# [What is expected]
Starting at the line below with "A complete backup of ulanovka.ru" and stopping at the line with "La Curia dona", please print each line exactly, those two included, and skip every picture.

# [Listed records]
::::

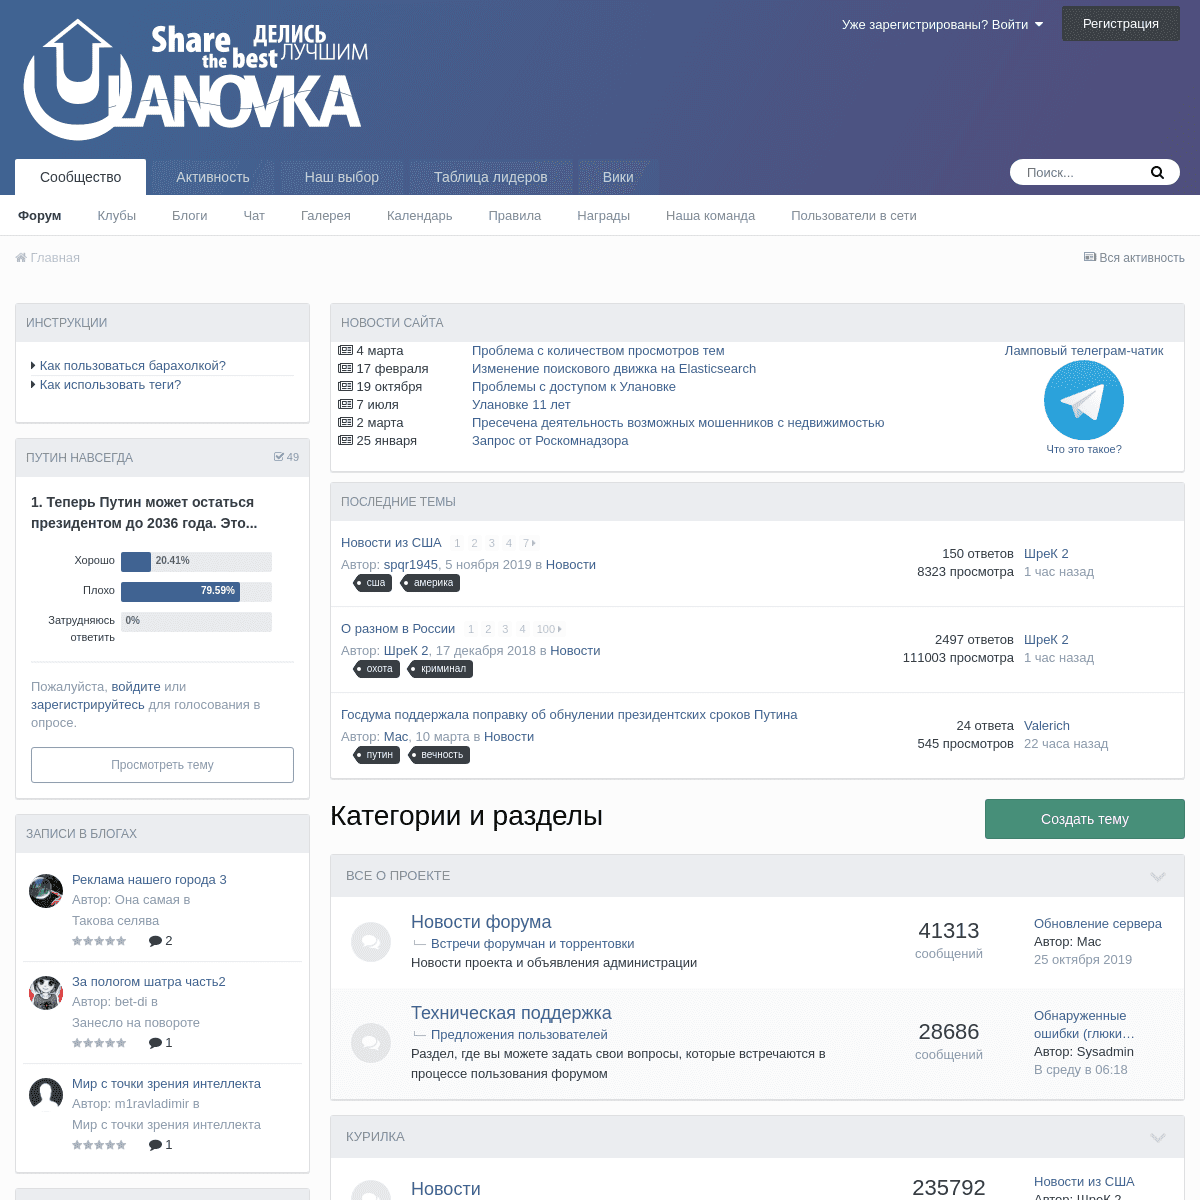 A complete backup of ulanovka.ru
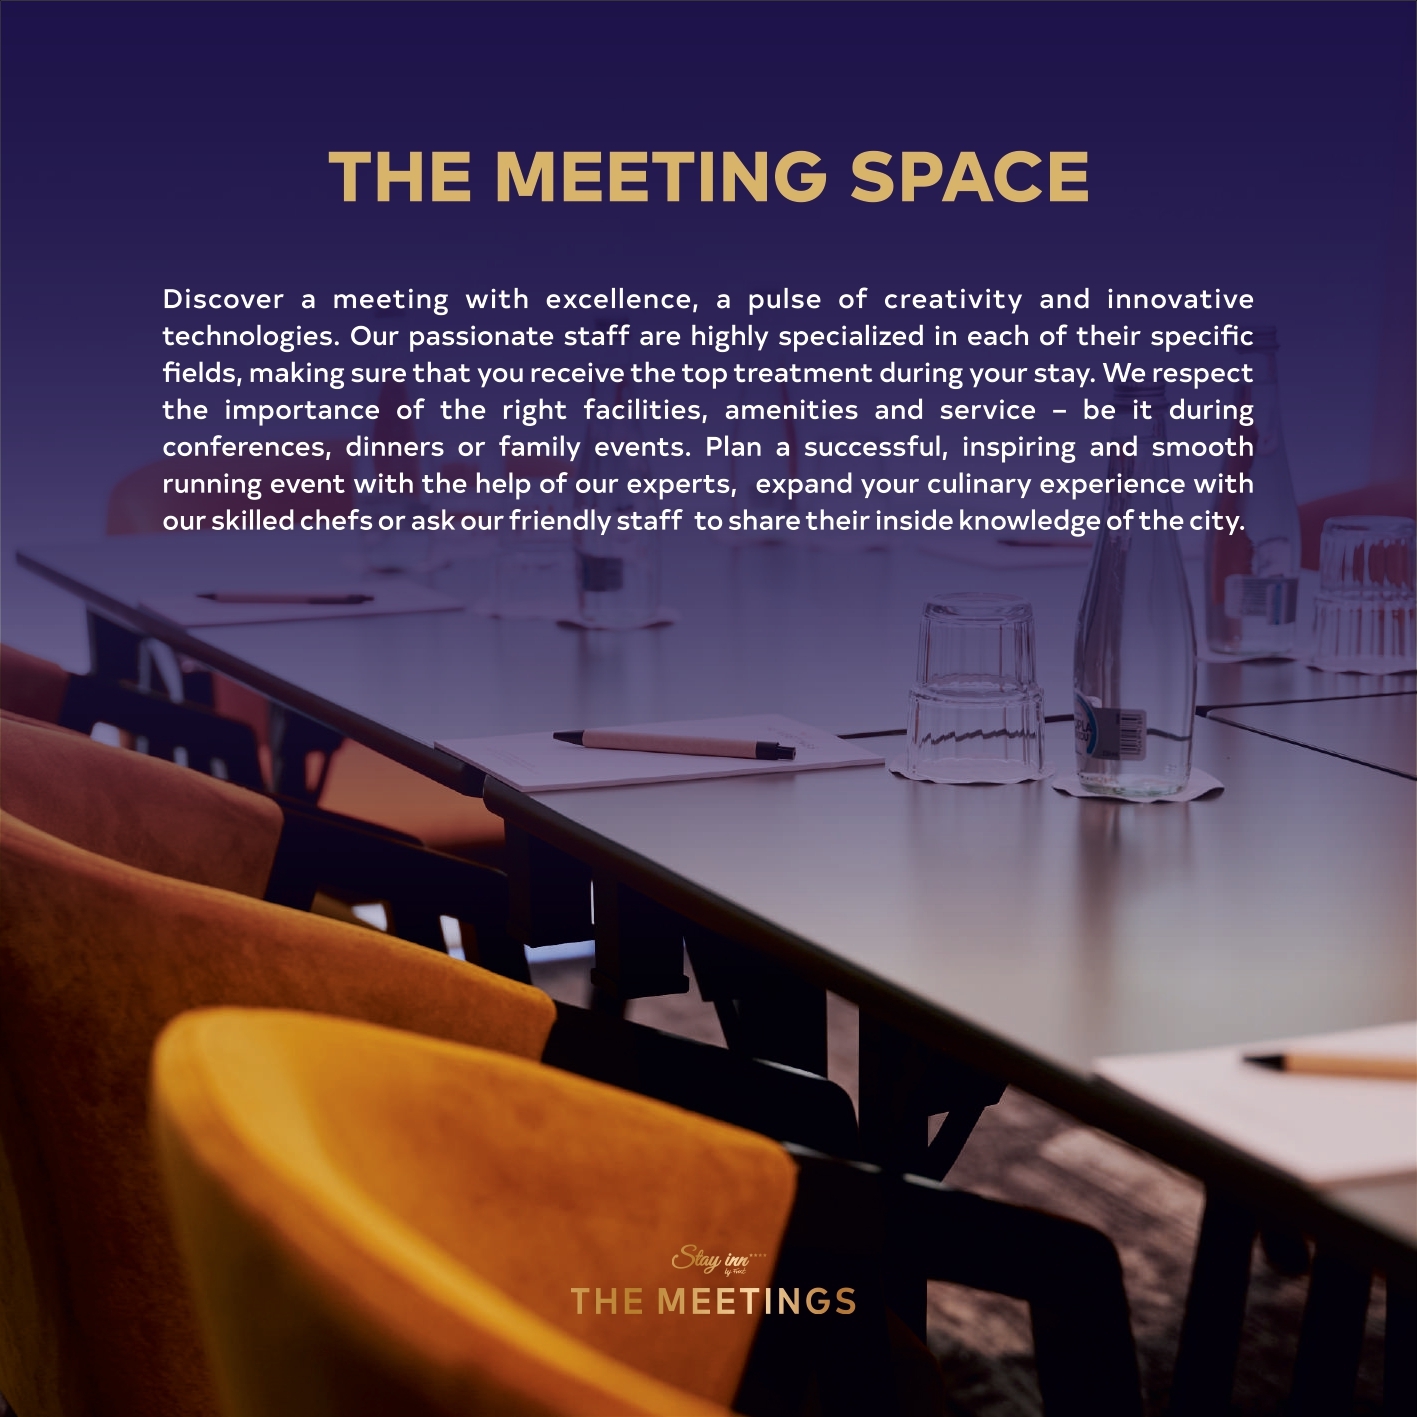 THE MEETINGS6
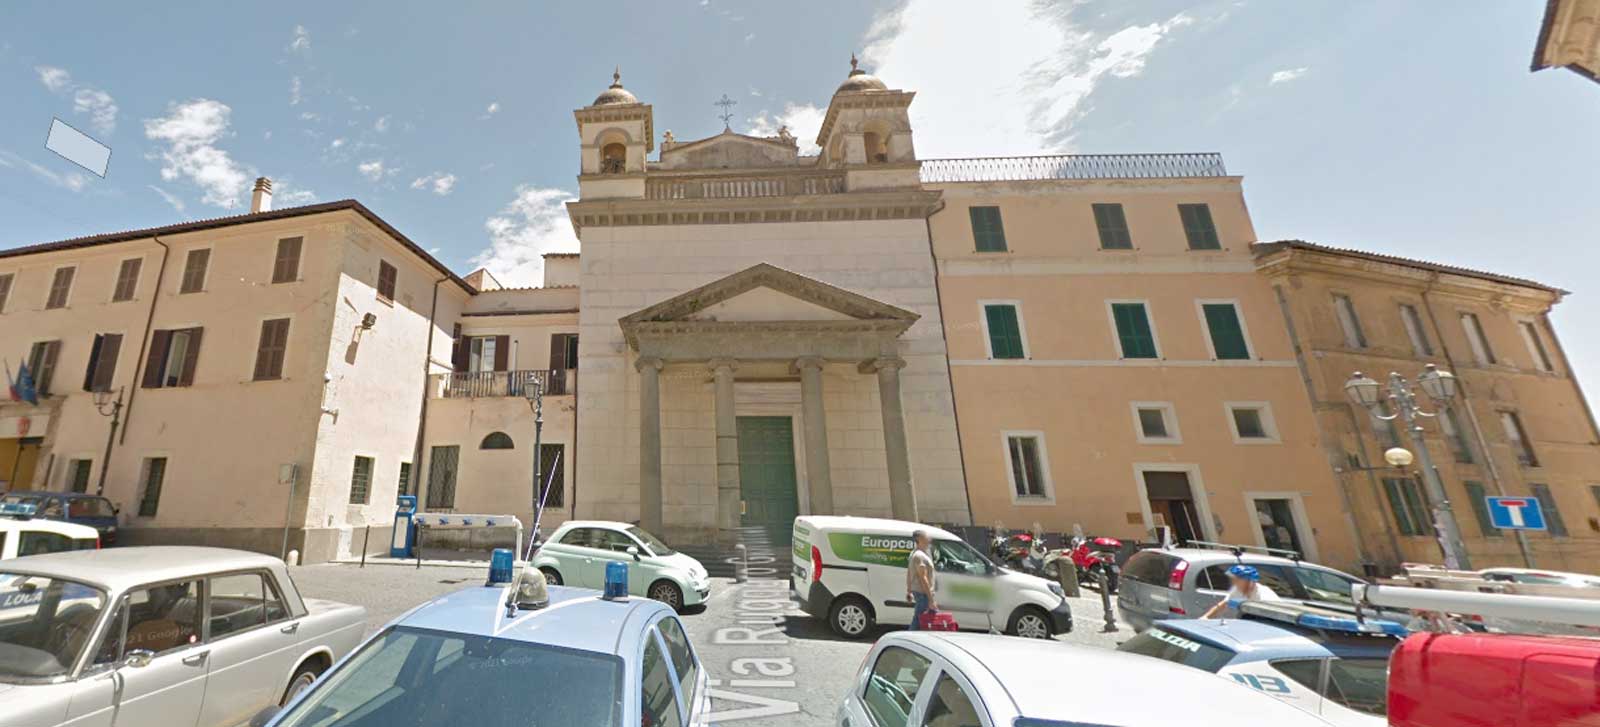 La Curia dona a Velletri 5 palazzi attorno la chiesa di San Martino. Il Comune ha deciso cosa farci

::::

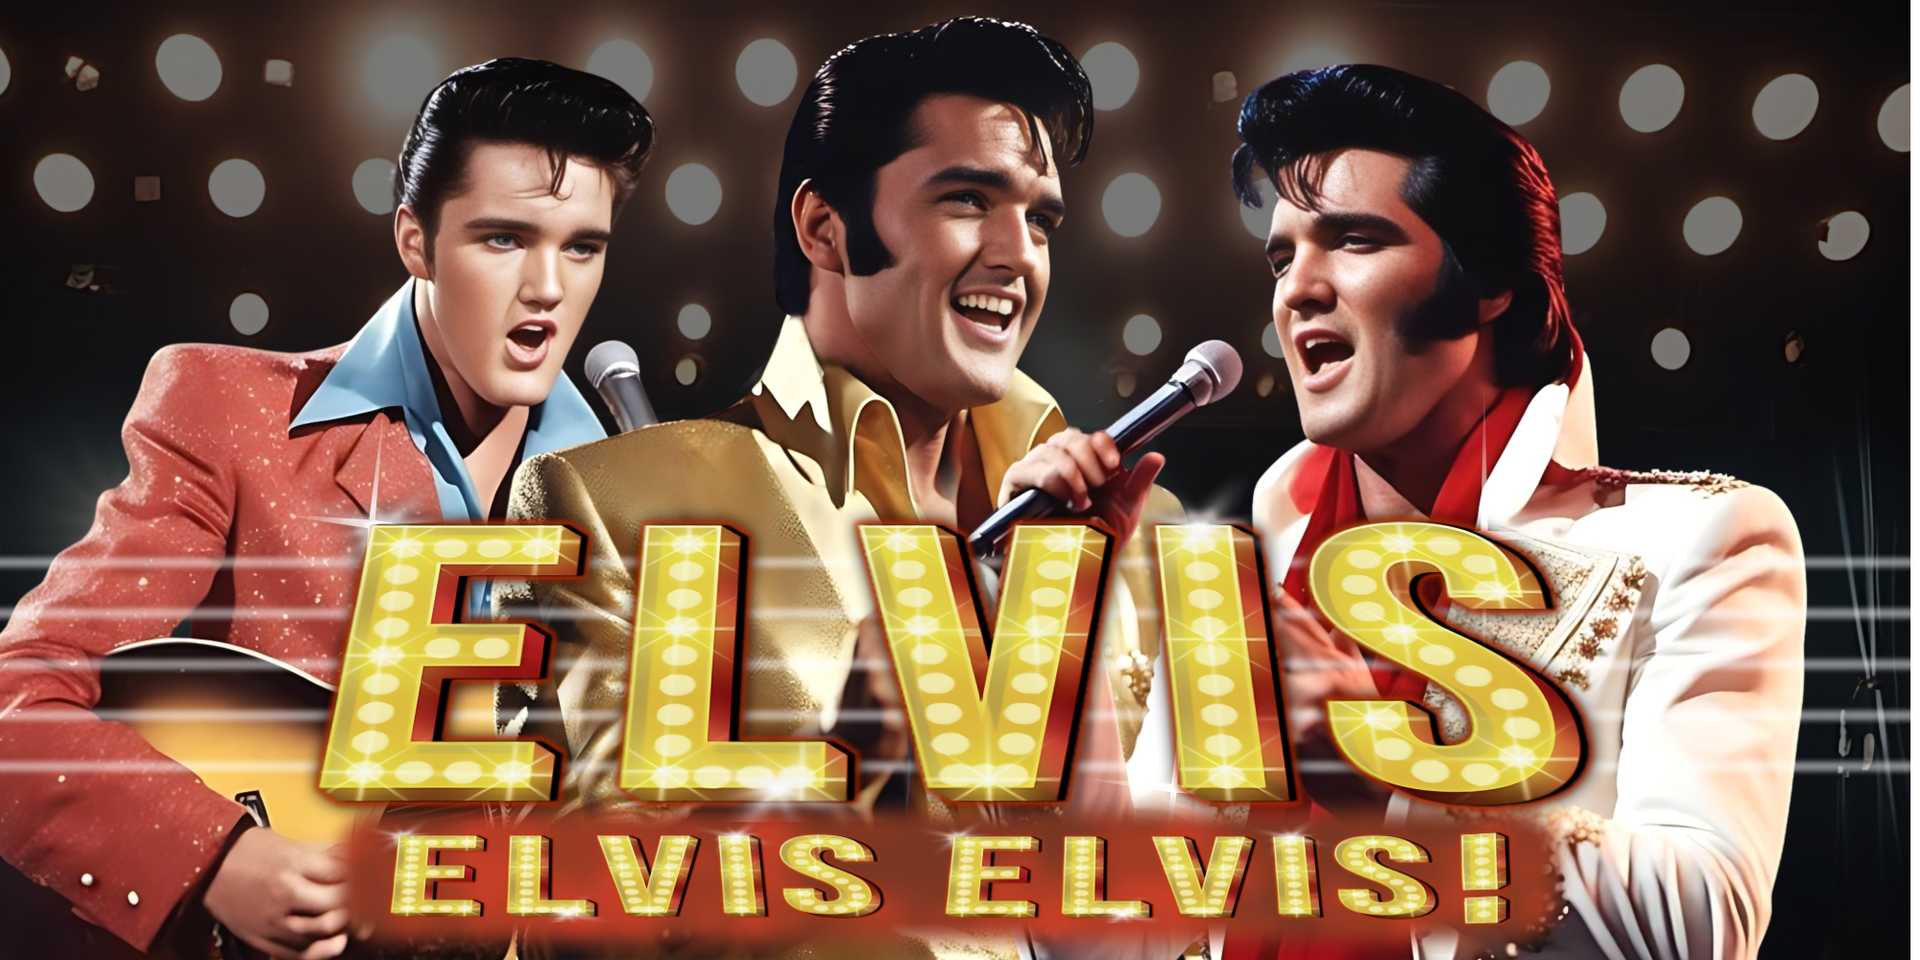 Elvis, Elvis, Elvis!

::::

# [Answer section]
 A complete backup of ulanovka.ru
 THE MEETINGS6
 La Curia dona a Velletri 5 palazzi attorno la chiesa di San Martino. Il Comune ha deciso cosa farci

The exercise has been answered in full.